Give the listing again word for word, excluding the pictures it contains.

Supplied material
------------------------------------------------
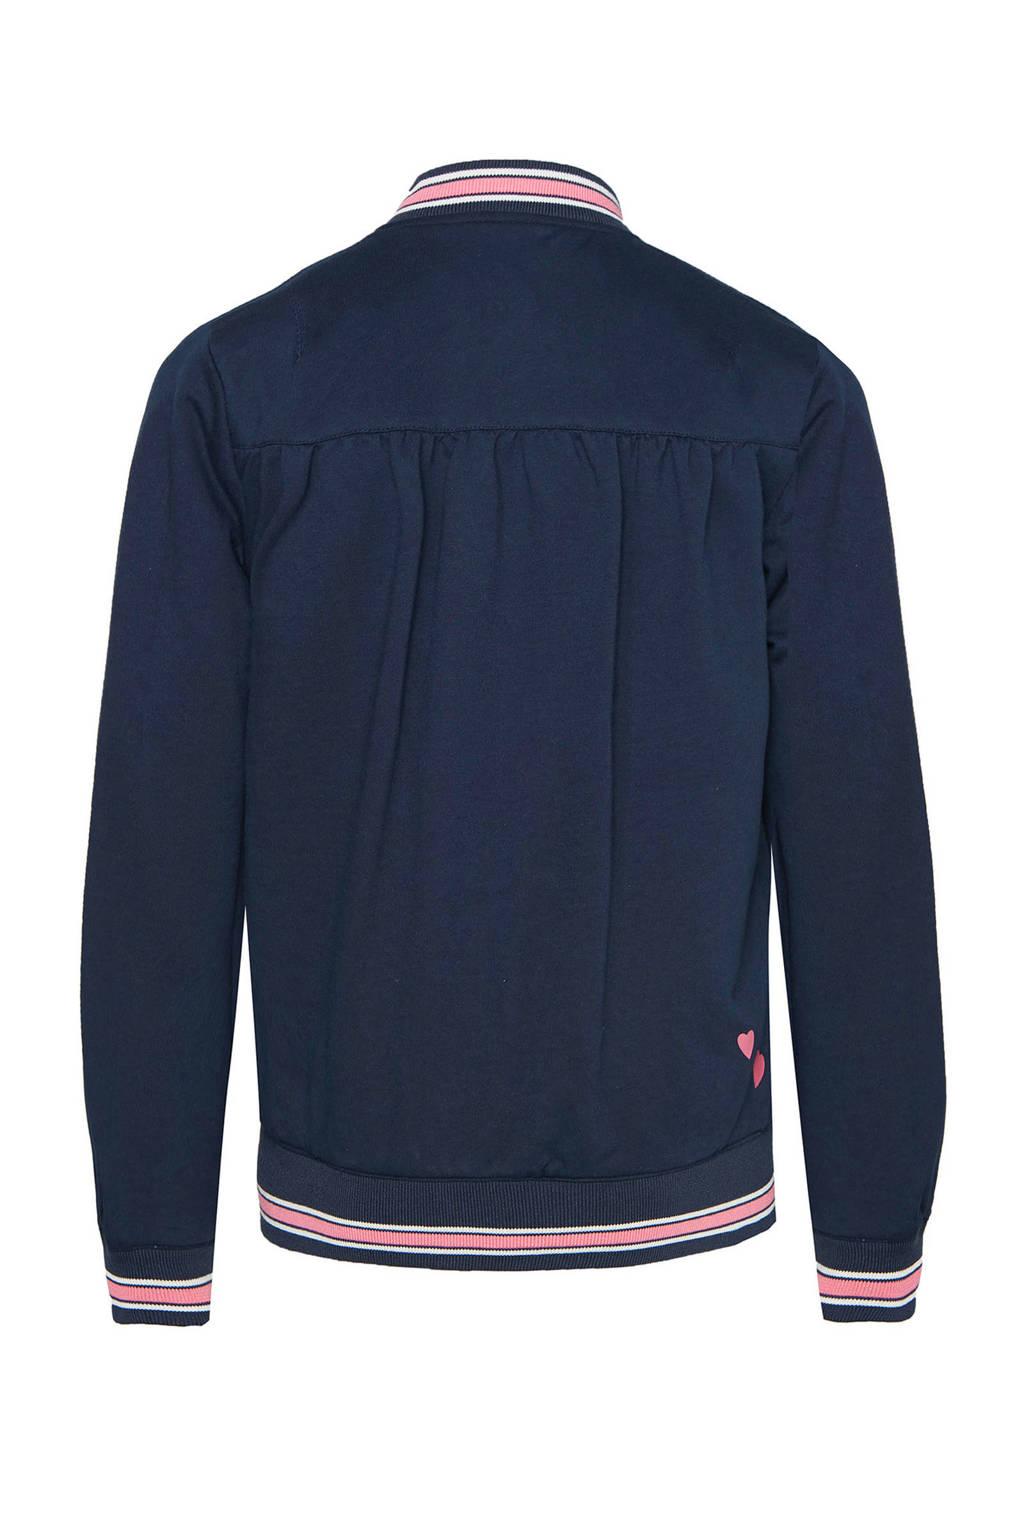 WE Fashion omkeerbare zomerjas met all over print blauw/zwart, Blauw/zwart
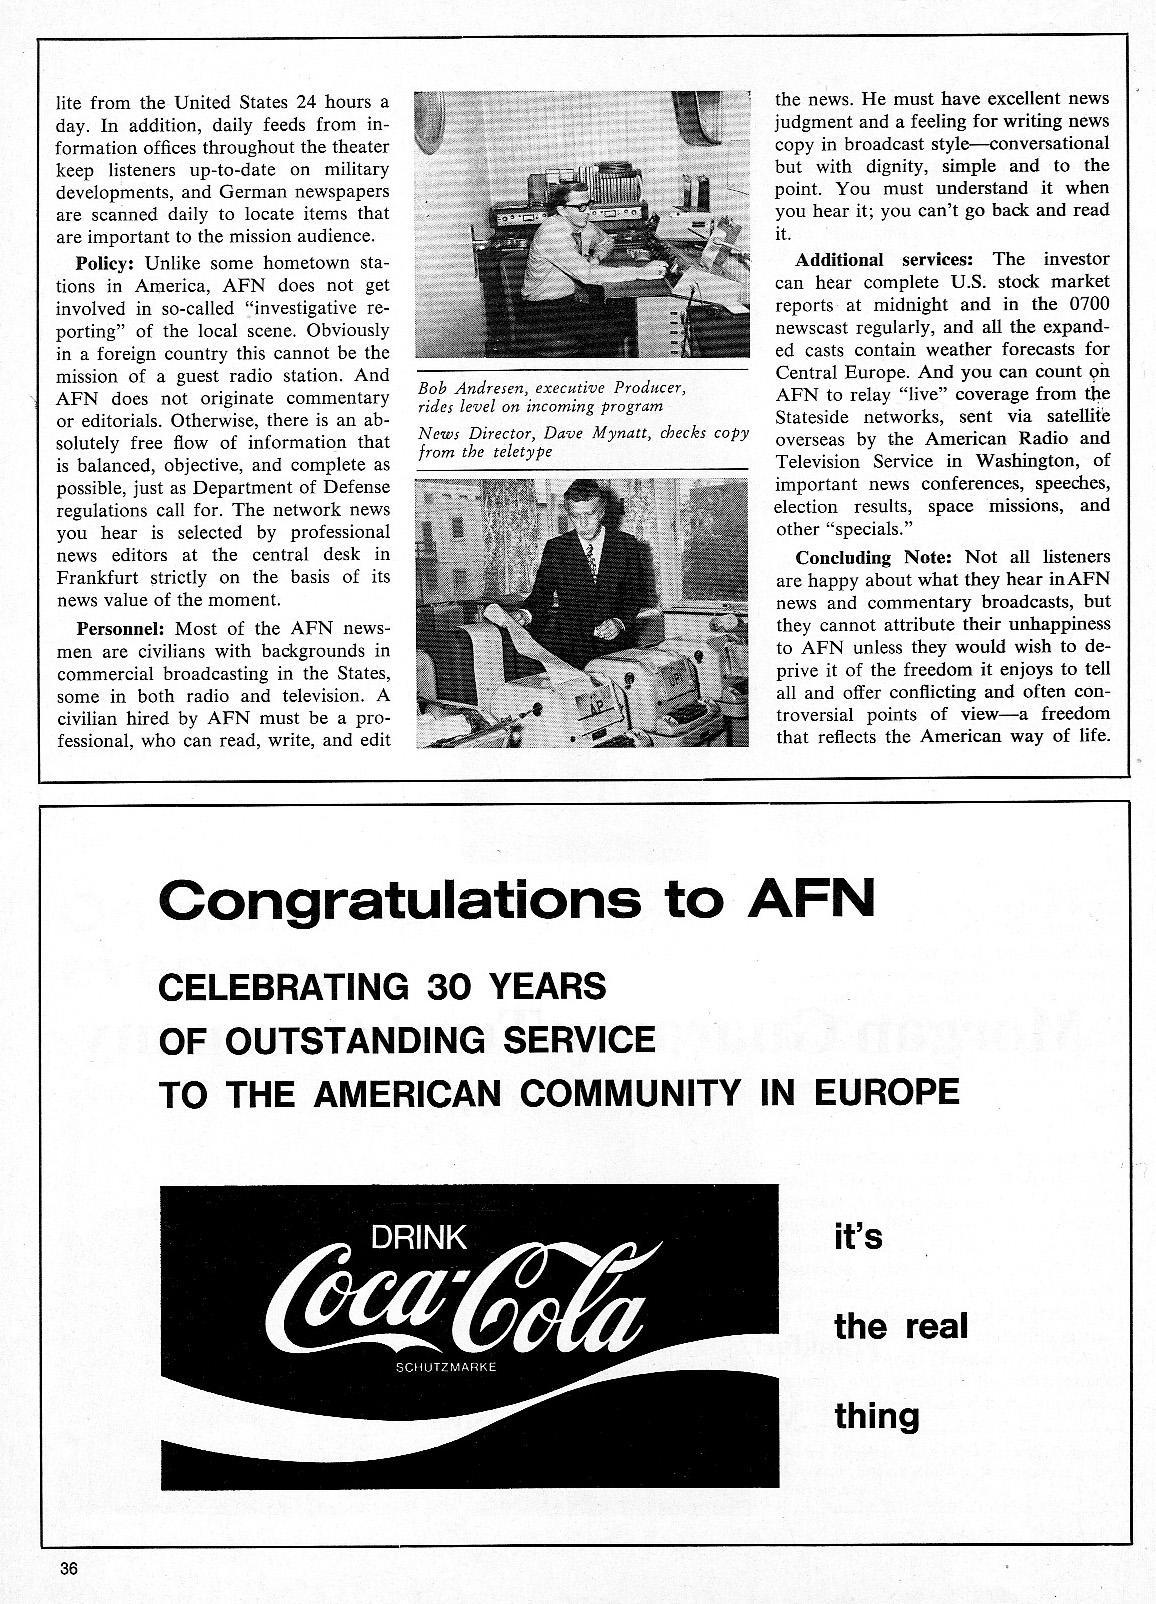 1973 AFN 30 jaar boekje-17.jpg
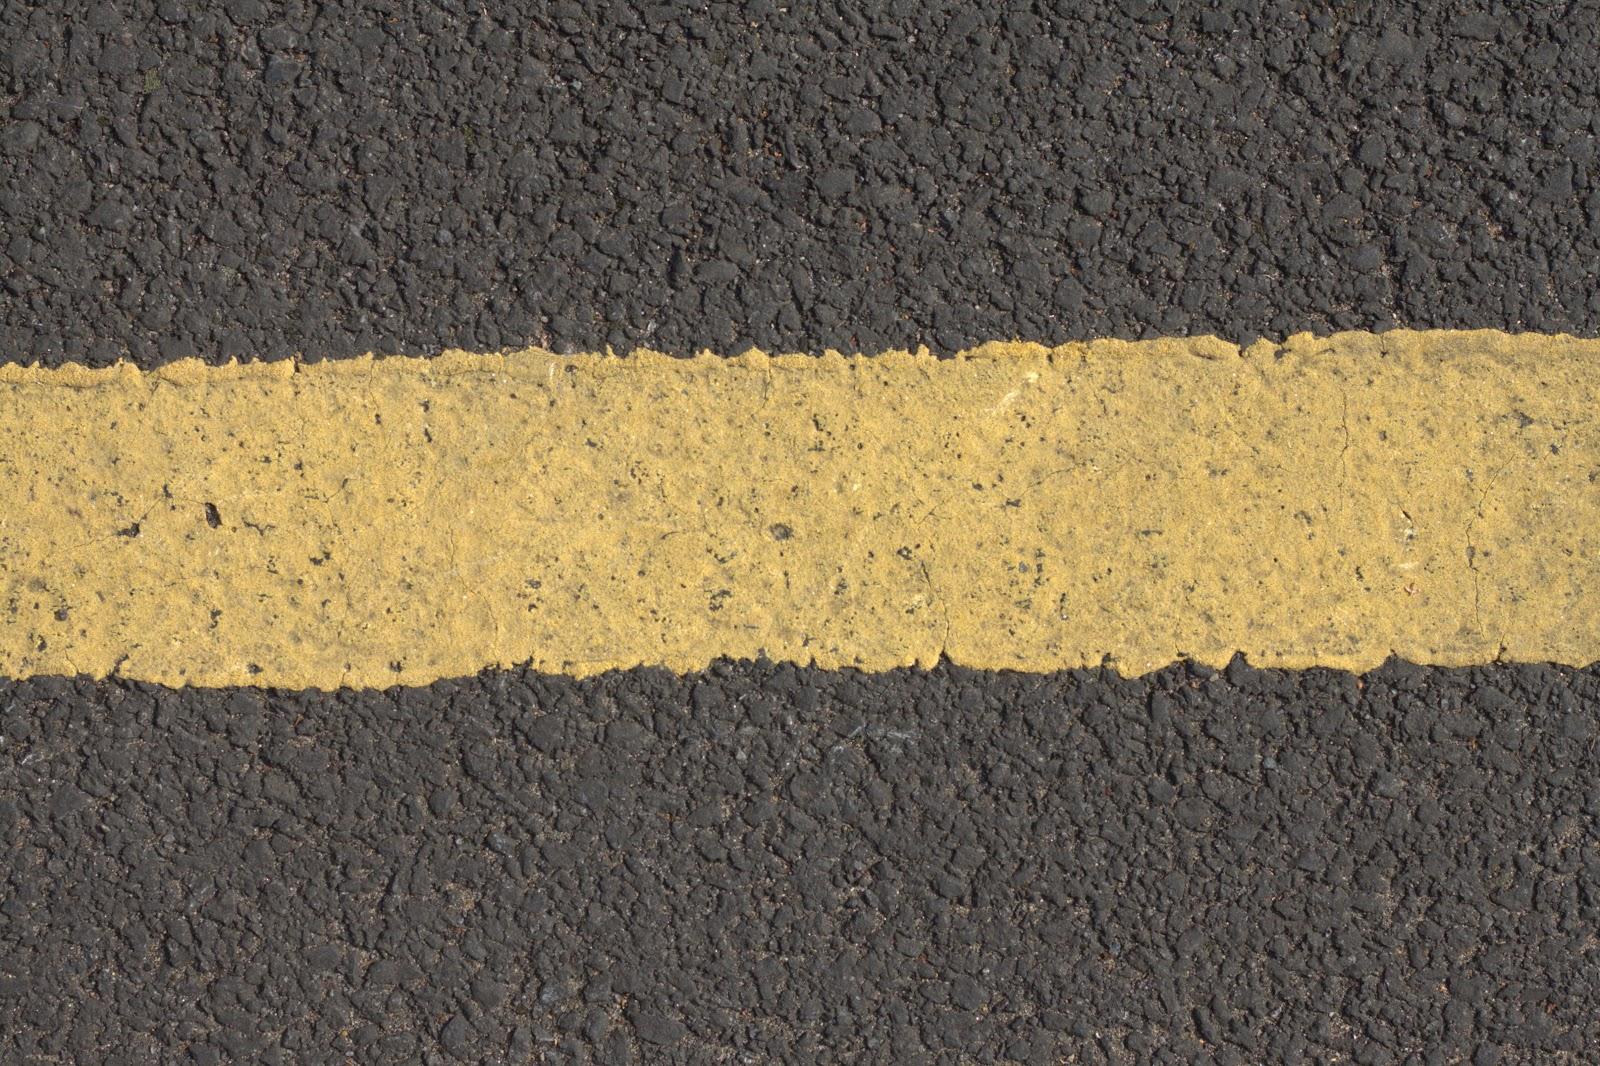 (ASPHALT 3) tarmac yellow road tar texture 4770x3178
------------------------------------------------
Expected answer
 WE Fashion omkeerbare zomerjas met all over print blauw/zwart, Blauw/zwart
 1973 AFN 30 jaar boekje-17.jpg
 (ASPHALT 3) tarmac yellow road tar texture 4770x3178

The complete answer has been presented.